Judge Gertner's review of the Tenenbaum jury's verdict also ignored the fact that two provisions of the Constitution govern judicial review of a jury verdict. One is the Due Process Clause of the Fifth Amendment, which the Supreme Court has clearly held to implicitly authorize judicial review of at least "grossly excessive" jury verdicts. The other is the Seventh Amendment, which states expressly, "[N]o fact tried by a jury, shall be otherwise reexamined in any Court of the United States, than according to the rules of the common law."
This explicit Seventh-Amendment constraint binds even courts reviewing jury verdicts for unconstitutional excessiveness. Cooper v. Leatherman Tool, 532 U.S.424, 439 n.12 (2001) (holding that "nothing" in a decision permitting excessiveness review of a jury verdict in an intellectual-property case should "suggest that the Seventh Amendment would permit a court, in reviewing a punitive damages award, to disregard… jury findings"). Courts reviewing jury verdicts thus use a familiar technique to respect jury findings: "[T]he factfinder's role as the weigher of the evidence is preserved through a legal conclusion that upon judicial review all of the evidence is to be considered in the light most favorable to the [verdict]." Jackson v. Virginia, 443 U.S. 307, 319 (1979) (emphasis in original); see, e.g., Evans v. United States, 504 U.S. 255, 257 (1992).
Judge Gertner neither admitted that this constitutional restraint exists, nor did she abide by it. To the contrary, Judge Gertner repeatedly made herself both judge and jury by adopting, for purposes of judicial "review, " interpretations of the evidence that were unfavorable to the jury's verdict and favorable to Tenenbaum. Two examples show how seriously such error affected Judge Gertner's analysis.
First, and most importantly, Judge Gertner conceded that Congress intended to severely punish willful and massive commercial piracy, but repeatedly held that Tenenbaum's file-sharing was "noncommercial." 2010 U.S. Dist. LEXIS 68642, at *54, *60, *93 ("Tenenbaum was an ordinary young adult engaging in noncommercial file sharing"). Reasonable jurors could have rejected such specious claims—as Judge Gertner herself did just a few months ago. Sony BMG Music Ent. v. Tenenbaum, 2009 U.S. Dist. LEXIS 112845, at *30 (D. Mass.) ("the commercial/non-commercial binary is a misleading one"). Reasonable jurors could thus have concluded that Joel Tenenbaum engaged in the worst sort of commercial mass piracy by acting as a willful paid-in-kind distributor for both LimeWire and KaZaA—the largest global for-profit and commercial copyright-piracy rings ever known.
Second, Judge Gertner also repeatedly deemed Tenenbaum's motives for file-sharing to be "non-pecuniary," and thus less culpable. 2010 U.S. Dist.

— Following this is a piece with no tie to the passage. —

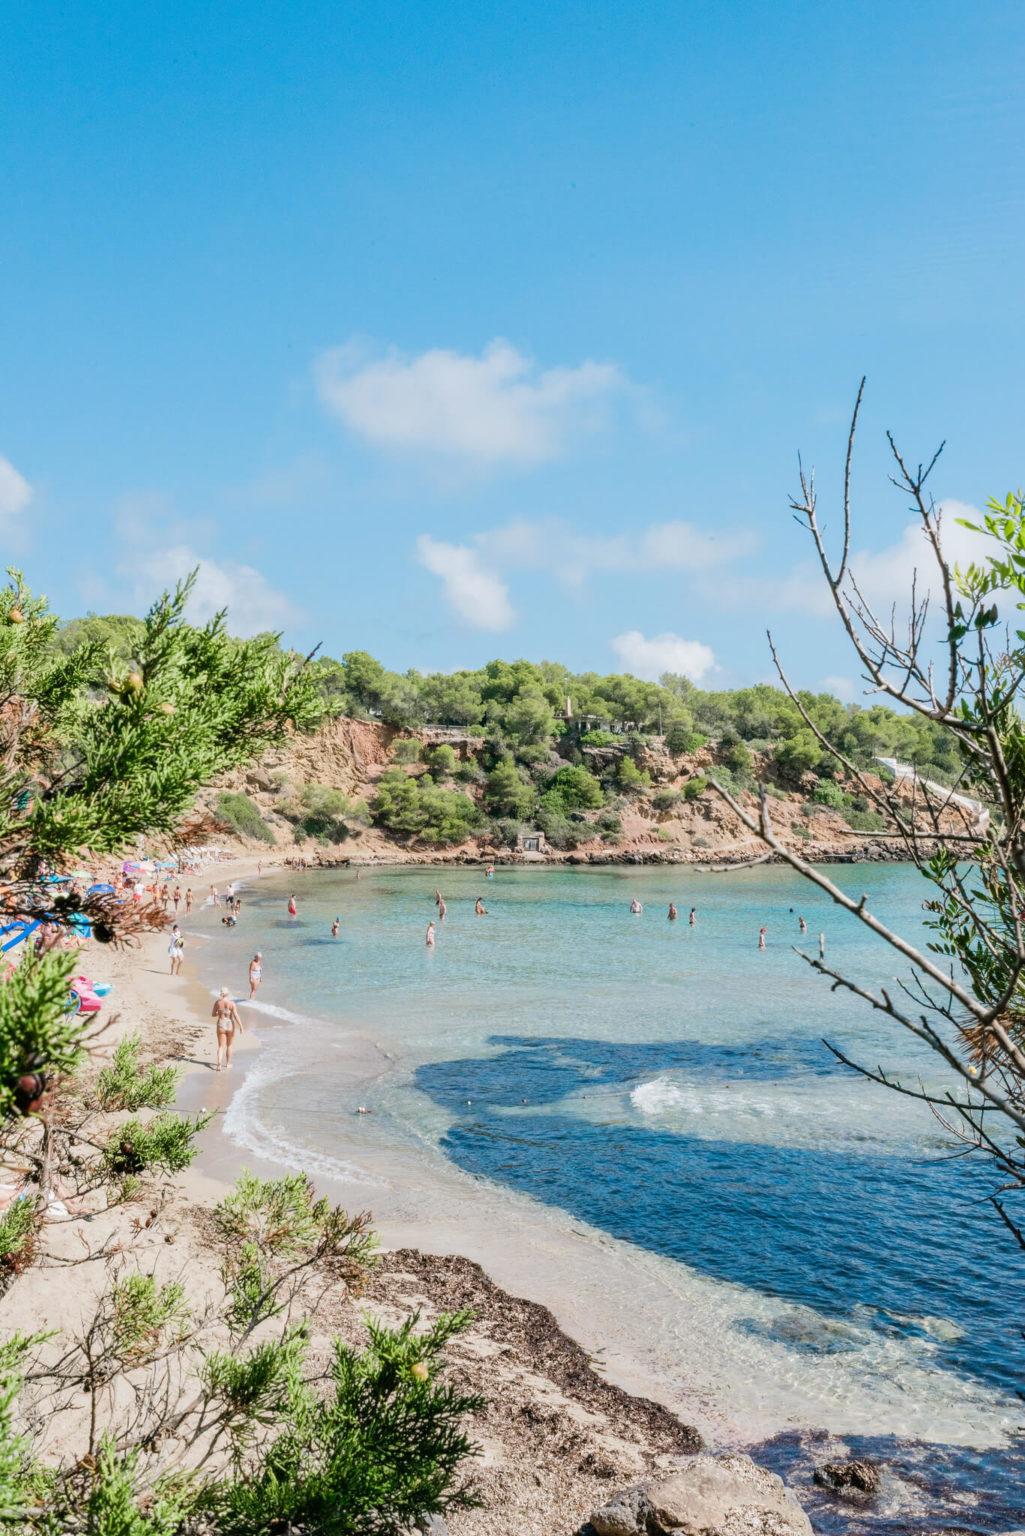 https://www.white-ibiza.com/wp-content/uploads/2020/03/ibiza-beaches-cala-llenya-06-1025x1536.jpg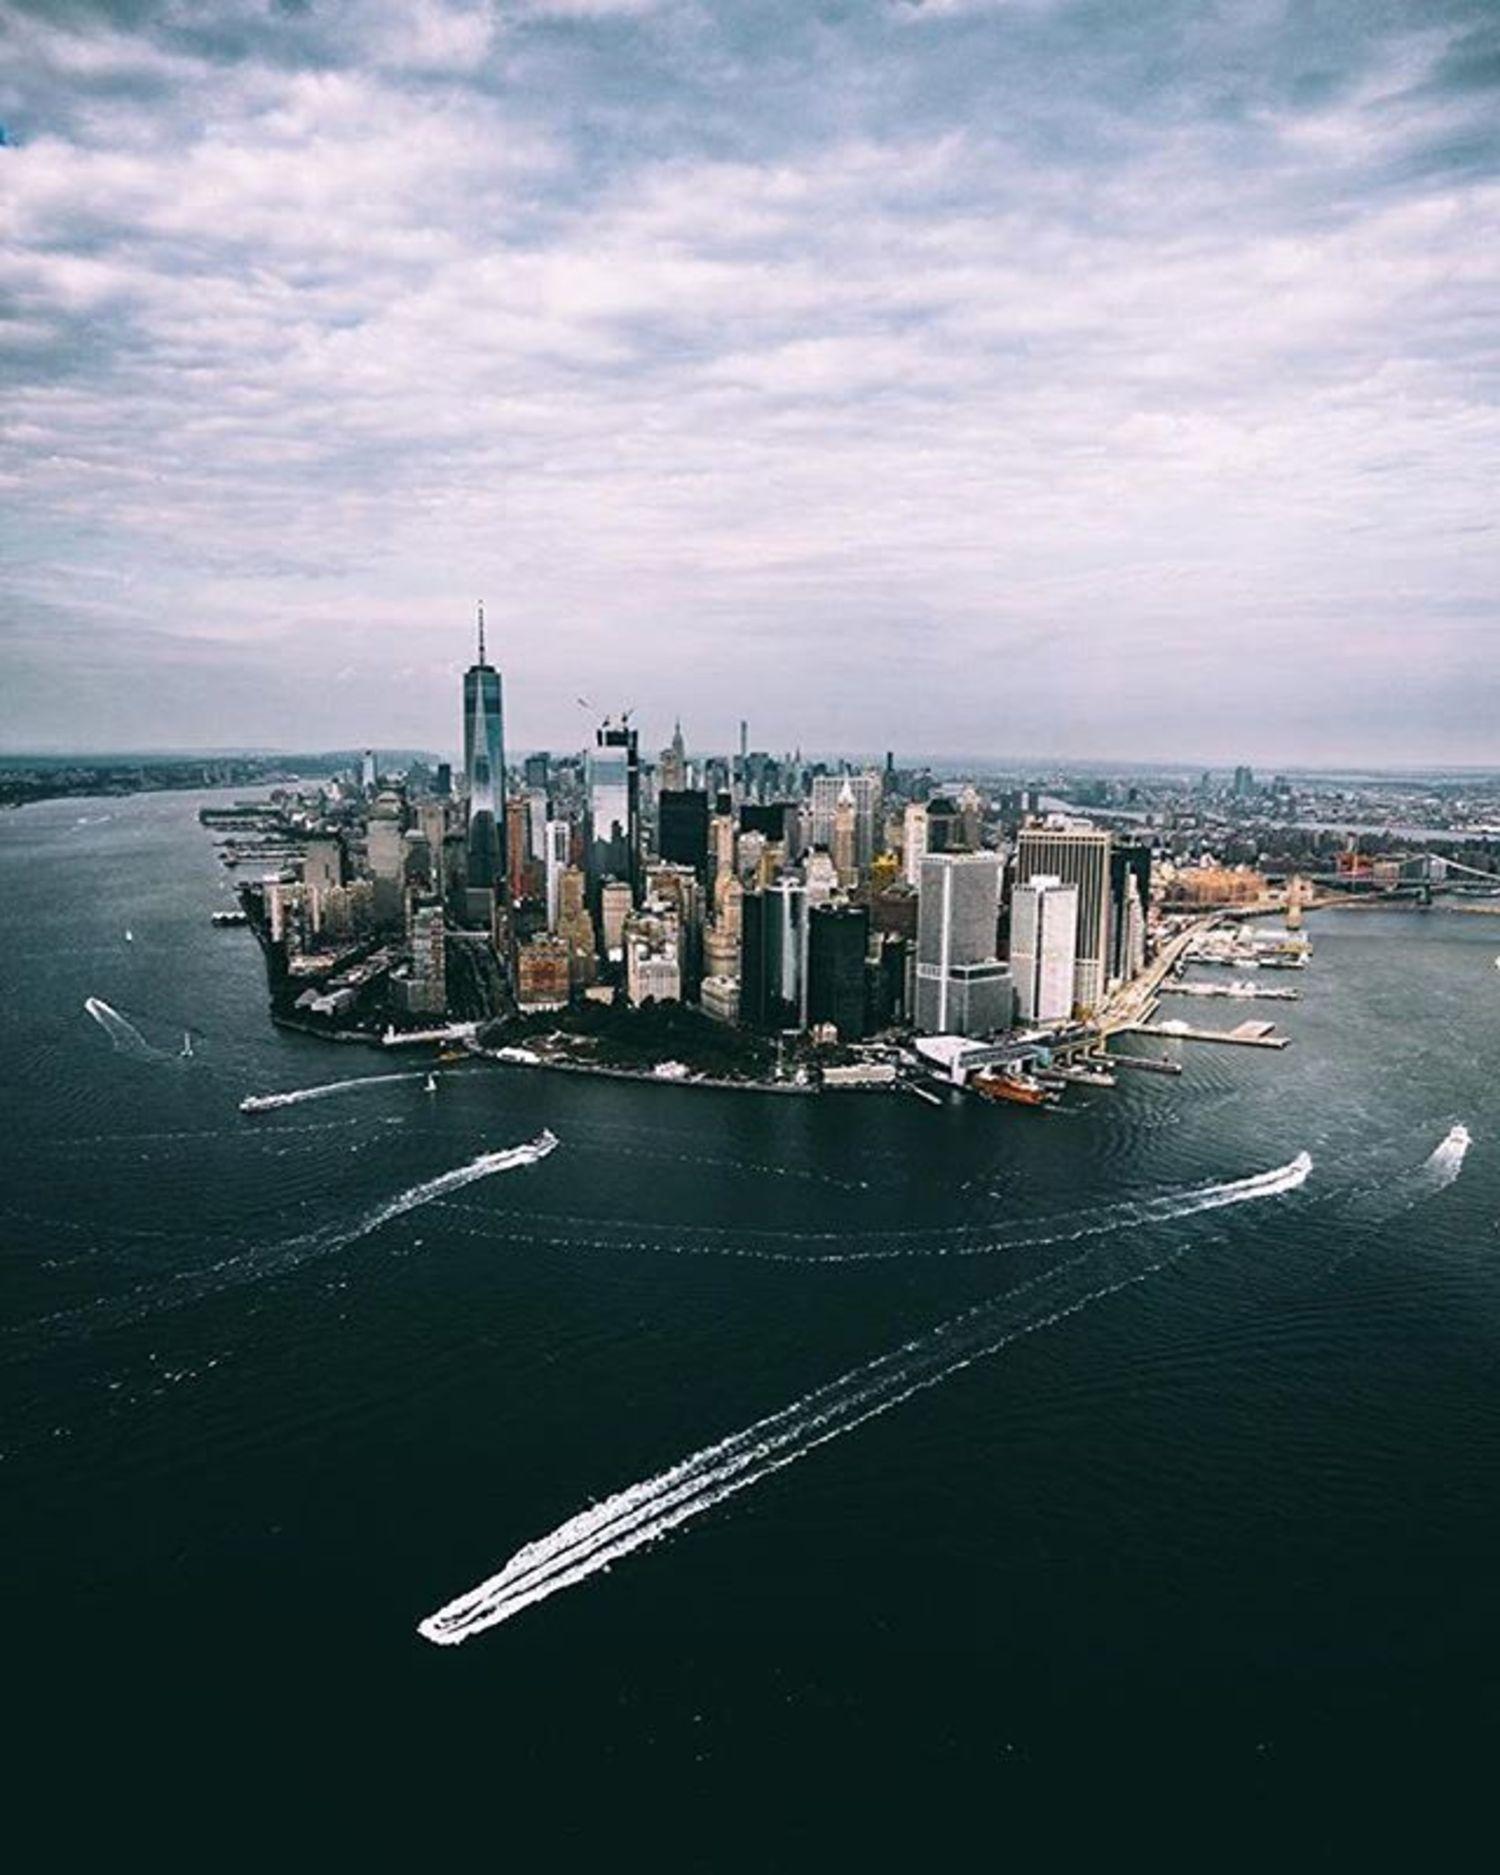 New York, New York. Photo via @henrykornaros #viewingnyc #newyorkcity #newyork

LEXIS 68642, at *3, *9, *71, *84, *87, *91. Reasonable jurors could surely reject Judge Gertner's inane claim that someone who shoplifts a $5 item from a store is somehow less culpable than someone who steals $5 from the same store's cash register.
In conclusion, these are merely examples from the larger pool of reversible errors in Judge Gertner's attack on the reasonableness of the Tenenbaum jury's verdict. Nevertheless, Judge Gertner was wise to frame her ruling in a way that would produce a decision that the parties could appeal. The Tenenbaum Plaintiffs were also wise to accept her implied offer and file an appeal from an absurd ruling that pretends that college guys are just irrationally "risk adverse."